3e) offer a product or service that is of a higher quality, harder to find, or of more importance or value to potential clients so you can increase your prices
3f) learn to pick reliable clients who pay promptly and don't require a lot of revisions
3g) clearly describe the work you will provide and then deliver it on time
3h) develop a reputation as someone who is professional, pleasant, reliable and easy to work with
3i) consistently attract enough clients that it won't matter if you lose a few when your prices go up.

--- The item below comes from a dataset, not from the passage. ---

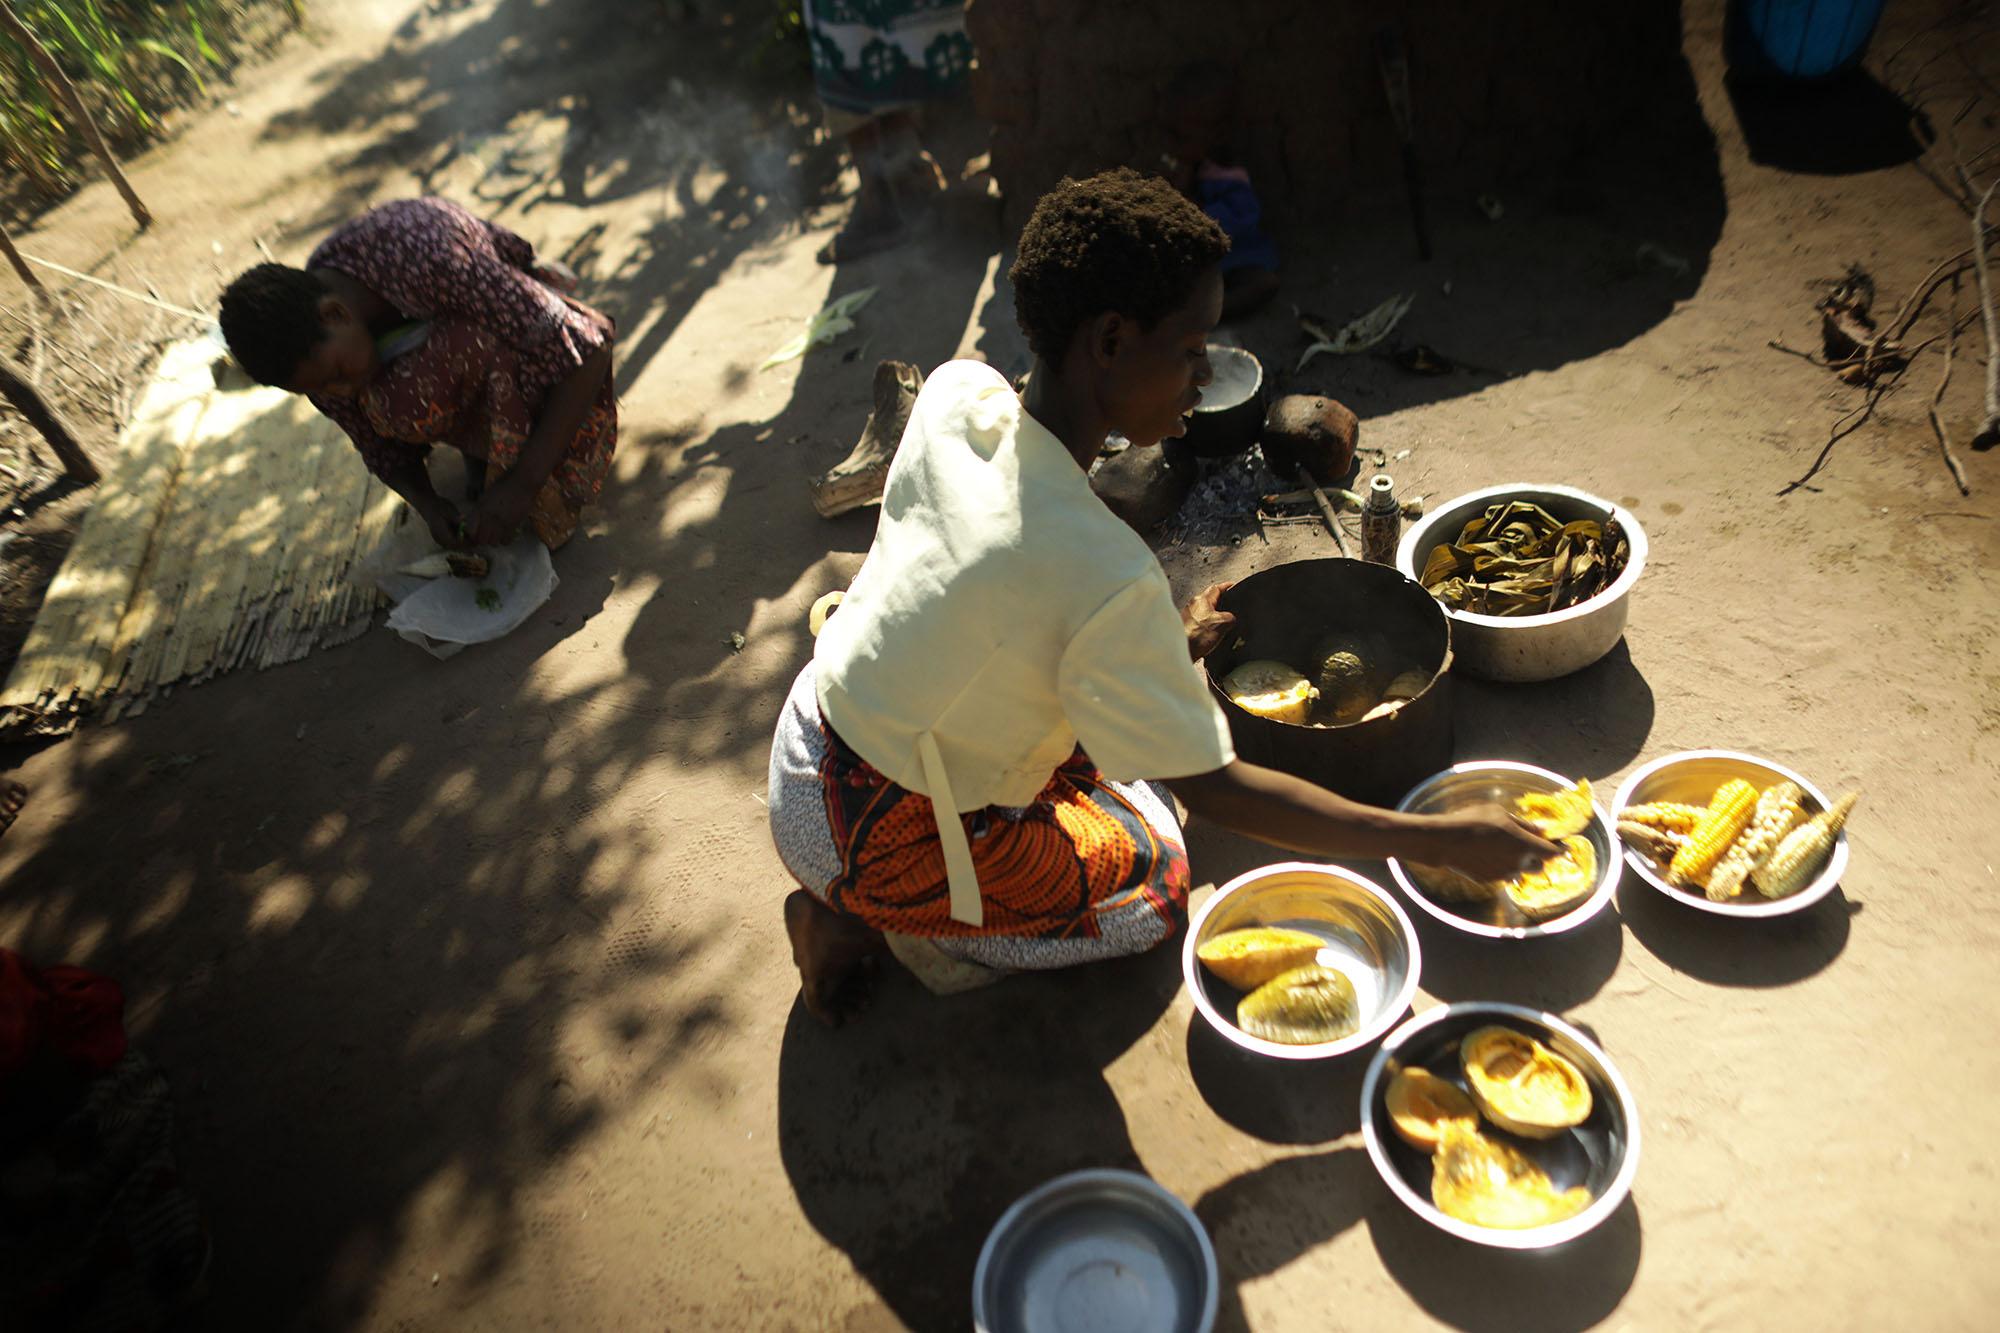 A woman prepares food near Mariam Chinguwo's house. Photo by Josh Estey

4) "Find a starting price"
(Very experienced artists may be able to charge a lot more than beginners because of their skill level, notoriety, or other factors)
For anyone new to freelancing (again assuming that your art is good enough to attract clients), a pretty common way to estimate your price for a piece of art is to pick an hourly rate and multiply that by the (approximate) number of hours that it will take you to complete the art. The number of hours you estimate for the work may just be rough guess, but you will get better at approximating as you complete more and more work. If you are just starting out with freelancing, and you plan to eventually earn a living with art, you should charge at least minimum wage. (Otherwise you might as well get a regular job that doesn't require any special skills!)  If you are selling art online or to clients in a particular part of the world, you can probably use the minimum wage rate where the client lives as a starting point (or you can use the minimum wage in your area of the world, or average the two values...). If you KNOW you can charge more than that, do it. Also include the value of any materials used up in the process and the shipping cost if you are mailing a physical piece of art to a client. You can get approximate mailing prices by visiting the website of your post office (in the USA it is postcalc.usps.com/ ).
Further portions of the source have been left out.